In August 2003, she released a gospel album with country artists Barbara Fairchild and Sharon White titled Love Never Fails on Daywind Records. In an interview with Country Stars Central, Smith said that she was ill with the stomach flu while recording the album, but still enjoyed making the record. Produced by country and bluegrass performer Ricky Skaggs (White's husband), the album received a nomination from the Dove Awards.

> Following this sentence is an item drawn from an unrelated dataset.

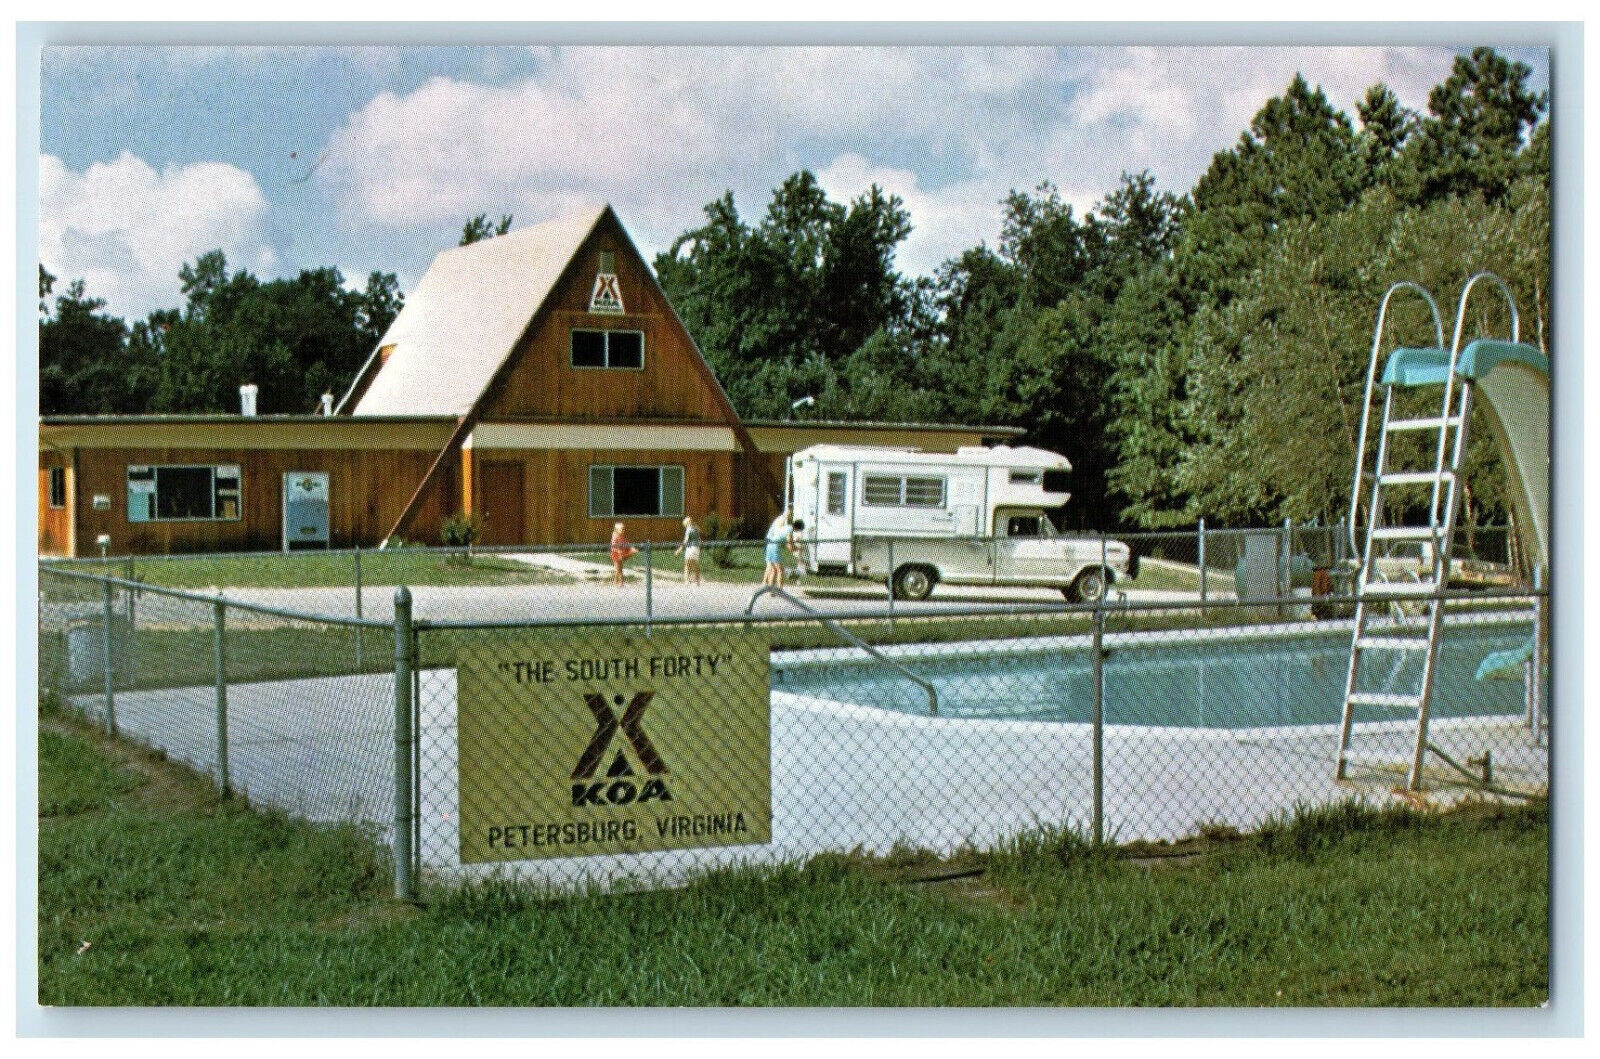 c1950s Swimming Pool, The South Forty Koa Petersburg Virginia VA Postcard

Website Slipcue.com reviewed the release and stated, "[Love Never Fails] is probably too rowdy for most Southern gospel fans (who really like tinkly pianos and less-twangy vocals), and while it probably won't wow many country listeners, for folks who are fans any of these three singers, this is kind of a treat".

===2004–present: The Marty Stuart Show and new music releases===
In November 2008, Smith joined the cast of Marty Stuart's television series The Marty Stuart Show, which aired on the RFD-TV network every Saturday night. The 30-minute program featured traditional country music performed by both Stuart and Smith, as well as radio personality Eddie Stubbs. The show stopped airing on RFD-TV in 2014. In August 2011, Smith released her first new solo recording in 13 years, titled Long Line of Heartaches, via Sugar Hill Records. The record was produced by Marty Stuart and included five songs written by the pair. Harlan Howard, Kostas, Johnny Russell, and Dallas Frazier also wrote tracks that were included on the disc. The album was reviewed positively by AllMusic's Steve Leggett, who gave it four stars. "It wouldn't be quite right to call this a throwback album, but it does sound like vintage traditional country given just a bit of a polished edge," he concluded. Andrew Mueller of BBC also gave it a positive response, calling it "classic and classicist country songs".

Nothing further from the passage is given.